Смеются женщины, улыбается и Марта. Пусть болтают, ей не привыкать! «Перемывайте, любезные, мои косточки — белее будут! А вот если и в самом деле женю на себе хотя бы Ивана, то не одна из вас прикусит свой злой язык! Да и Василь еще поплачет по мне…»
Вот такими мыслями утешается Марта, не обращая внимания ни на какие пересуды. Ведь люди как люди, всегда тут как тут, когда надо осудить, охаять, покачать головой. А вот чтобы помочь, поддержать человека, когда тяжелым бревном навалится на него беда… Куда вы тогда убегаете, добрые соседушки, ласковые советники, щедрые на обещания? Каким ветром сдувает вас перед лицом страждущих? Так быстро сдувает, что хоть кричи, хоть голос надорви — никто не откликнется!.. Поэтому не лезьте в глаза Марты со своими советами, лицемерным сочувствием, она обойдется без вас.

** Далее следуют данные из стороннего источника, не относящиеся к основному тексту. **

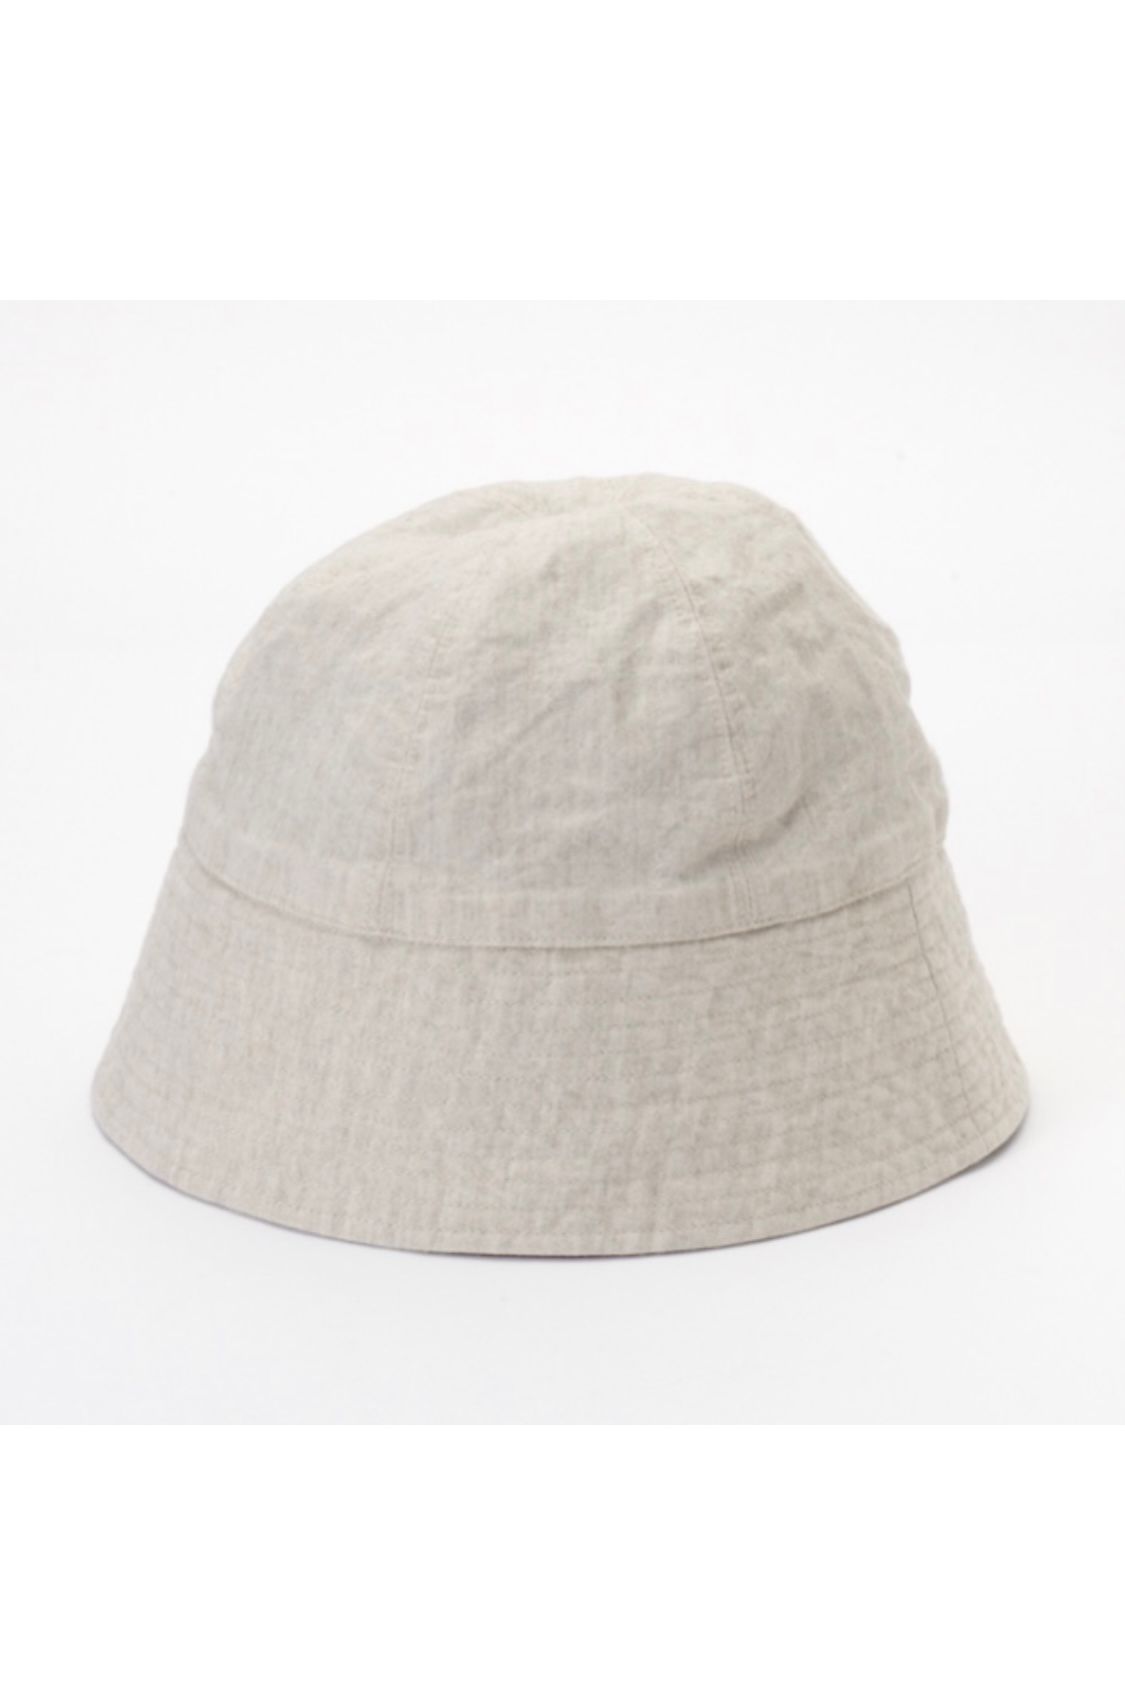 KIJIMA TAKAYUKI - paper linen sailor hat -navy- 23ss | asterisk

Связывает белье в тяжелый узел, даже рядно трещит, — а ну-ка, кто из вас поднимет такой?
— Марта, помочь тебе?
— Спасибо, обойдусь сама! Это уж вы подсобляйте друг другу, коли такие немощные!
Схватила узел, взвалила его себе на спину и понесла, словно не чувствовала тяжести.
Женщины только рты разинули. Черт, а не молодица! Нет, везет-таки Ивасютам: что ни прибьется к их двору, все на руку!
Ивасюты и в самом деле были довольны Мартой.
— Сам бог послал нам ее! — расхваливал Оксен молодицу. — Не знаю, что бы мы без нее и делали…
И уже не колебался, пахать или не пахать ее поле. Дождались погожего дня и выехали на ниву Марты. И Марта, приготовив обед, несла его через все село, хвасталась каждому встречному:
— Несу вот своим пахарям обед, да боюсь, чтобы не опоздать, — пашут же с раннего утра!
— И хорошо, Марта, пашут?
— Пойдите посмотрите! Куда там этим недотепам…
— Каким это недотепам? — делают вид, что не понимают, хитрые крестьяне.
— Да тем, что в тозе!
Ганжа, когда услышал эти слова, даже потемнел: не ждал он подобного от Марты! Разве они не вспахали ей запущенное поле, не засеяли взятым у государства зерном, разве не сжали и не смолотили его? Забыла, как благодарила их всех? Эх, Марта, Марта! Сама лезешь в петлю… Вон Володька уже открыто называет ее подкулачницей, кулацкой подпевалой и требует от Ганжи лишить ее права голоса.